DRUG MULE ARRESTED AFTER DIARRHEA EJECTS COCAINE IN MIDDLE OF AIRPORT


Rio de Janeiro, Brazil | An American tourist was arrested after more than 40 of the pellets of cocaine hidden in her anal cavity were ejected by a severe case of diarrhea while she was standing in front of airport security officers.

27-year old Tania Smith, from Fort Lauderdale in Florida, was getting ready to board a plane back to the United States after spending two weeks in Brazil when the incident occurred.
The young woman looked visibly ill and feverish while waiting in line before boarding, and several witnesses said kept groaning and swearing loudly.
At the moment she was called up to present her ticket, she suffered a severe incident of diarrhea which ejected dozens of drugs pellets from her rectum, directly on the airport floor.
Ms. Smith was immediately arrested and a cavity search revealed more drug packages, bringing the total to 104 pellets.
An examination of the pellets indicated she had over 1kg in weight of cocaine in her body, for a street value of more than $100,000.
She confessed that he had been offered a 2-week trip in Brazil by a man in Florida in exchange for bringing the cocaine back from Rio de Janeiro to Miami.
According to the Lieutenant Igor Rosario di Pablo of the Brazilian federal police, she suffered from Traveler’s diarrhea during her entire trip and was still sick when she inserted the drugs in her anal cavity.
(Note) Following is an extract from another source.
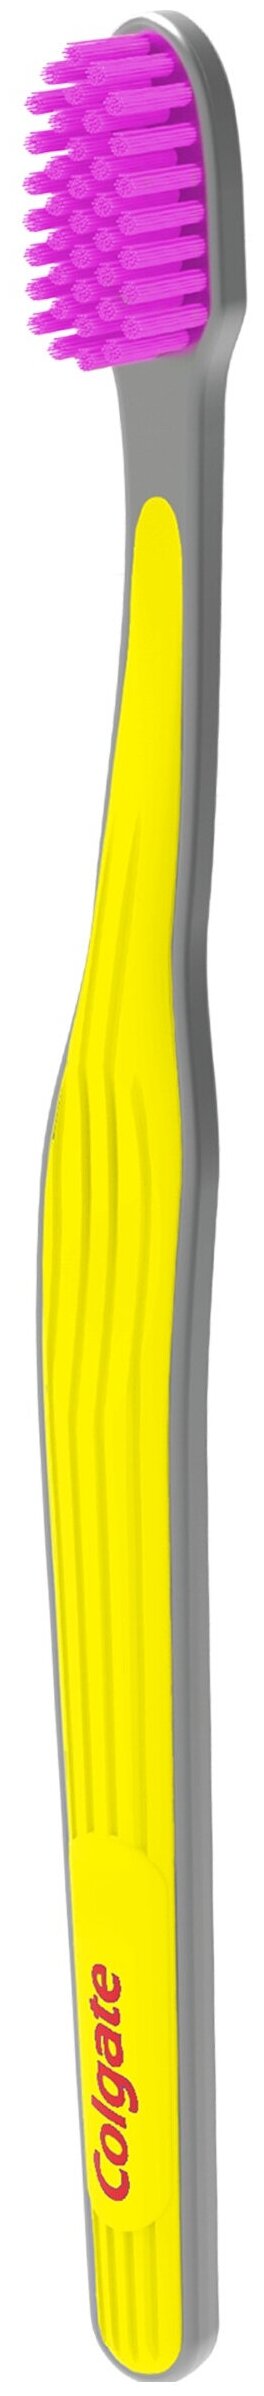 Зубная щетка Colgate Ультрамягкость, желтый, диаметр щетинок 0.1 мм

“She told us that she had been suffering from diarrhea her entire trip. She said she prayed she could hold it in during the entire flight, but obviously her prayers weren’t enough.”

 Lieutenant Di Pablo and police director Rosario Perreira Franco described this arrest as one of the easiest and most scatty of their careers but insisted that drug smuggling was a very serious problem and nothing to laugh about.
Tania Smith was charged with drug transportation and trafficking. She faces from 30 years to life in jail if convicted.
Dozens of individuals like her are arrested every year while smuggling drugs across borders for drug cartels.
These “drug mules” often use body cavities to hide the drugs, and some die every year after the packages break and release the drugs in their bodies.
Considering the risks associated with this process, Ms. Smith’s severe diarrhea may have gotten her arrested, but it might also have saved her life.